Nice. i like krabs for changing the angle of line run; to open up windows, keeping lines from rubbing, increasing or decreasing friction on tree parts etc. sometimes adjsut per load; by just un clipping a krab from line so line is allowed now rub tree more, for more friction for heavier load. Or clip/unclip krab as needed to have less of a bark friction trail, so hauling rigging line back up is very easy, then preset krab immediately changes that to high friction for lowering.

Bending a line perpendicular to it's loading leverages higher line tension. If used to raise tension, then grab more purchase past friction hold to tighten line is called sweating the line. This is how Brion Toss de-scribes how ancient sailors for months aboard a ship without radio, electricity etc. raised sails etc. when the bollard handle was broken or lost, or they all would perish.

i use it to pretighten lines on loads, to sweat more purchase out of the line, and raise the starting line tension greatly. This greatly influences rigging potential, impacts, direction and control. Lots of times using 2 support points and a sweating pull in between to pretighten. A krab and sling, or 2 end to end is a nice remote sweating handle. If trying for horizontal sweep or other higher tension trix, might place remote sweater onto saddle after pretighten, before cutting, but have sweater relaxed. Then lean back just when she starts to fold; to immediately raise line tension and keep limb high, and pulling in proper direction. Usually this is all with ground control on rig line, but sometimes have line locked off next to me upstairs. The spread points of support also allow you to more appropriately balance the equal and opposite reactions over the mainstem/ trunk for better stability. Instead of both parts of the equal and opposite pulling on 1 side to leverage force and angle against support, instead of balancing the pulls and angles for less loading.

Sometimes, i have a Round Turn on a single support, and a remote sweat krab after first turn, allowing high friction lowering, after pretightening greatly. This handle also facilitates removal of the Round Turn. i'll set overhead, without climbing up there if i can by throwing rig line with krab as weight and place krab on after 1st turn is set, right before pulling 2nd up(but already thrown in). If it is close; i'll pull rig sweat point down with remote sweat line, place lanyard over and anchor end. to another sling. Then, have a 2/1 remote sweat to tighten, loosen lanyard, pull lanyard out. My 19' lanyard with sling on end to anchor gives about 10' reach to line for 2/1 X leveraged bend pretightening.


This Line Angle leverage Calculator Dave Spenscer that designed that one way pulley helped me with years ago. You can adjust the loads and angles yourself to see the potentials, and useful ranges.
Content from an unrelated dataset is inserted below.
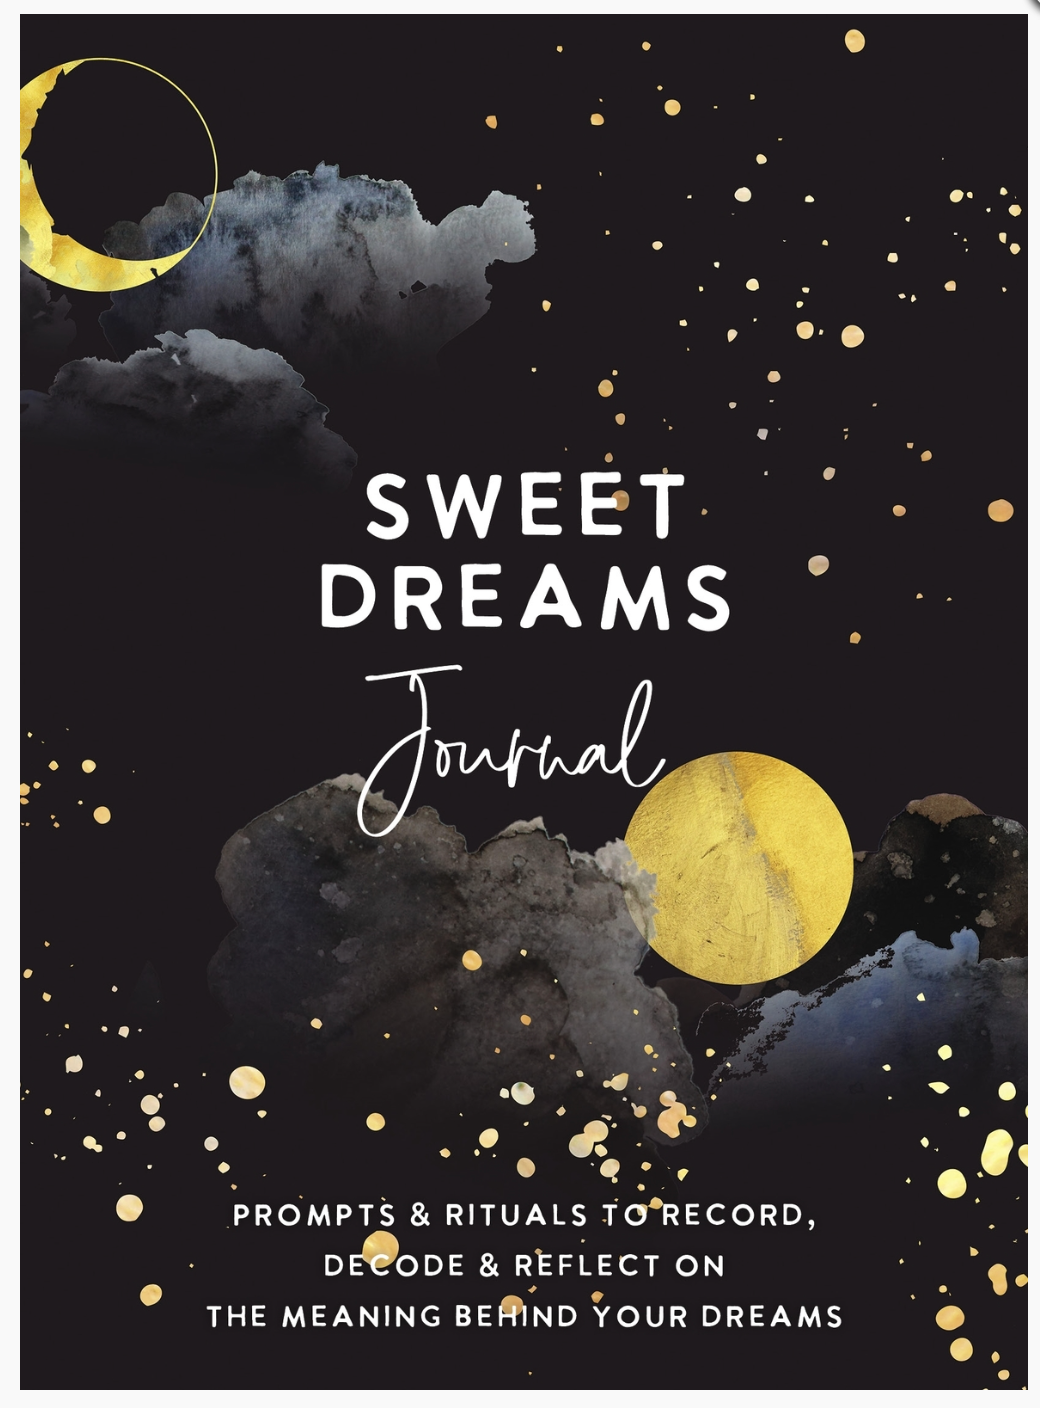 Sweet Dreams Journal: Prompts & Rituals to Record, Decode & Reflect on the Meaning Behind Your Dreams

Older Archive-Bent Line Leverage Applications (need to start another one with the newer stuffs; make animations etc.)


----------



## Tree Machine (May 26, 2006)

Dude, your genius..... it just makes me weep.


----------



## TheTreeSpyder (May 26, 2006)

i don't know about all that...

i've started a new thread on just the pretensioning aspect that can be used as climber or growundie lowering; as i think it is mucho importance to the formulae of support and direction control.


----------



## woodchux (May 26, 2006)

You guys really know your stuff !
Thanks for sharing


----------



## Tree Machine (May 27, 2006)

Spidey knows his stuff. There's many hundreds of really talented arborists here, as well as chainsaw dudes who just blow my mind in the chainsaw forum. The crowd that runs in the nursury forum are exceedingly good at what they do. Their sharing is what makes this site run.
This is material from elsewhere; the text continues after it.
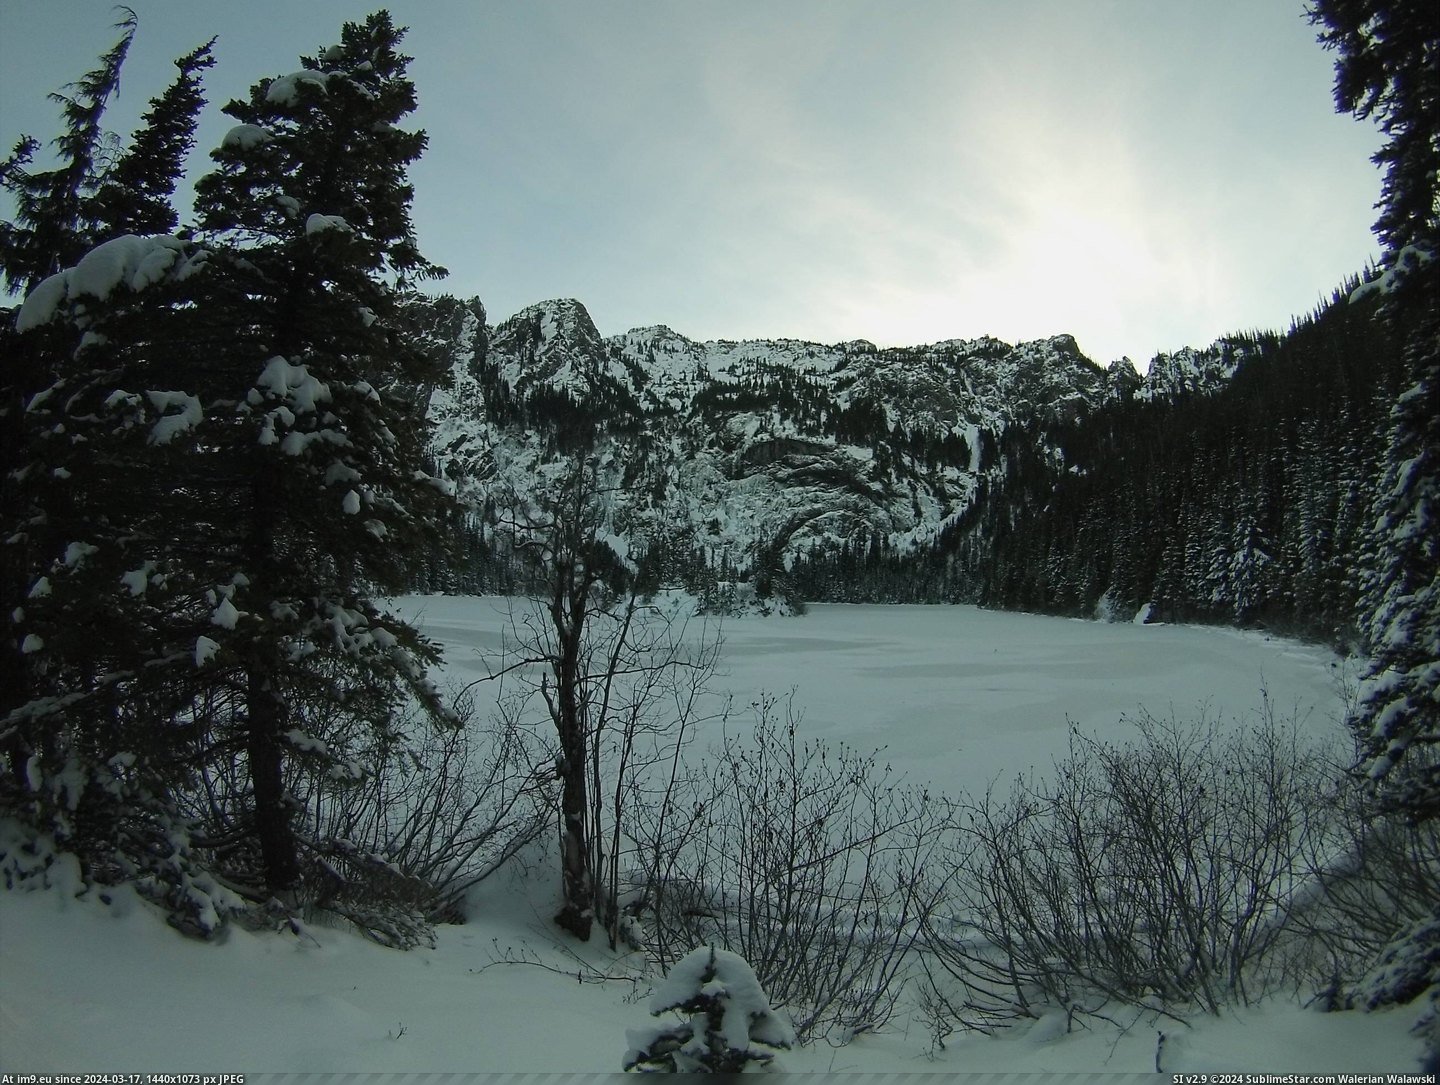 #Park #National #Angeles #2592x1944 #Olympic #Lake #1st [Earthporn] Lake Angeles in Olympic National Park, January 1st. [2592x1944] Pic. (Image of album My r/EARTHPORN favs))

We all have something in life we do really well. Lowering limbs over houses and perrenial flowerbeds, by myself, from up in the tree is really my special talent. Sad that my life has risen to that as there's a very limited use outside of tree work for that sorta skill. You guys are the only group on the planet who could possibly have an interest in this. To all 27 of you,


----------



## Tree Machine (May 27, 2006)

In the last few days I've had apprentice dude picking up the video camera and shooting some clips. This week has had three major league pin oaks with lots of technical-over-the-house material. I directed Nick to where and when the camera should be on what because it's exclusively for youz cats. He may be shakey because he's a noob camera man.

As far as how I learned this stuff, again it was more by accident. My first tree job 14 years ago the boss was opening a tree care division as part of his landscape company. I applied for the job and he believed my line of and hired me. I learned very quickly that I was the tree care division. Me, a flatbed pickup, a Husky 44 and a pole pruner. The following year a tornado whipped through a neighborhood just north of me and I was a new business owner.
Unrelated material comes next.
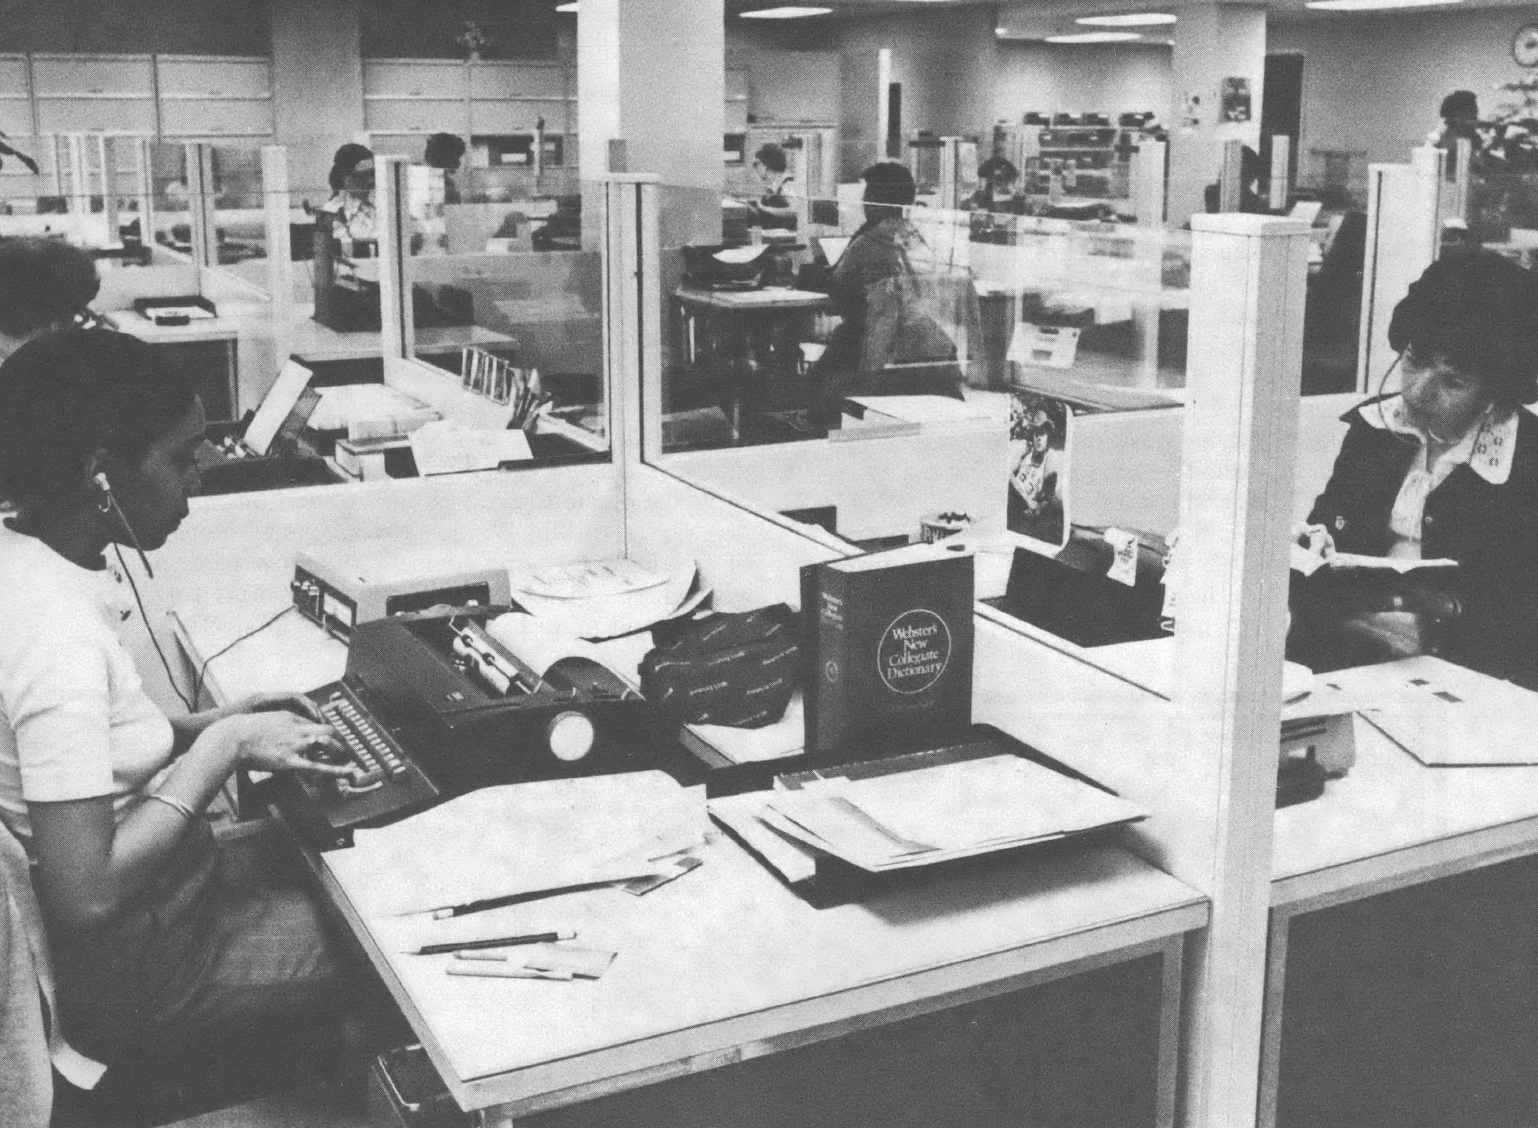 Black and white photo of women working at desks in open office space

Never had a boss. Never knew a fellow climber until years later. Didn't ever have anyone teach me anything in the early years. For very intermittant periods I would have ground help, but for the most part, just a solo arborist who enjoyed pushing to the outer limits. One of you described me as the lost bastard arbo child, raised by wolves and finally coming out of the woods.

I now work in a 2-3 man team setting, but the aerial skills haven't really changed at all. I learned of slings about ten years ago and have tried so many different things so many different ways I can't count. But it all distills down to the steady-Eddie, day-to-day ways that I primarily use now. Refined and simplified, tested thousands of times so we can dig the nitty gritty detail out of it. This is the stuff I'll be showing you video of.


----------



## xtremetrees (May 27, 2006)

What kinda video are you hosting?
Do you smoke trees like I do.
Walmart will be selling my videos soon.
I already own the domain extremetree.com. 
Ill shoow you soon how to lok like your falling asleep while pushing a 56 inch bar. lol

Your ittsy bittsy slings would frazzle at my bull bucking loads.

Tom Dunlap would you like to be co-producter of my loads..lol


----------



## rbtree (May 27, 2006)

whassup with dat, X? You sound like you've tipped and lit a few


----------



## xtremetrees (May 27, 2006)

RBtree be glad I'm not advertising in your neck of the woods aye 
Id help raise the prices of ale fer sure.


----------



## rbtree (May 27, 2006)

Do you roll the trees before you smoke 'em?:biggrinbounce2:


----------



## xtremetrees (May 27, 2006)

right up onto my trailer. I could roll a elephant onto it one chunk at a ttime:


----------



## Tree Machine (May 28, 2006)

How do you smoke an elephant?

One puff at a time.


Getting back on topic.... We're talking about generally hairy precarious situations where it's to your advantage to have the ground guy with both hands freed up. If he's not handling a rope, he's freed up to do important things like clean up and do ground duty. I don't have to bust his groove. He sees a limb coming down, he steps out of his track for a few seconds to grab a limb and unclip it and he's back to work and I'm rigging the other end of the rope. The more on the cleanup he is, the less I have to do when I get down.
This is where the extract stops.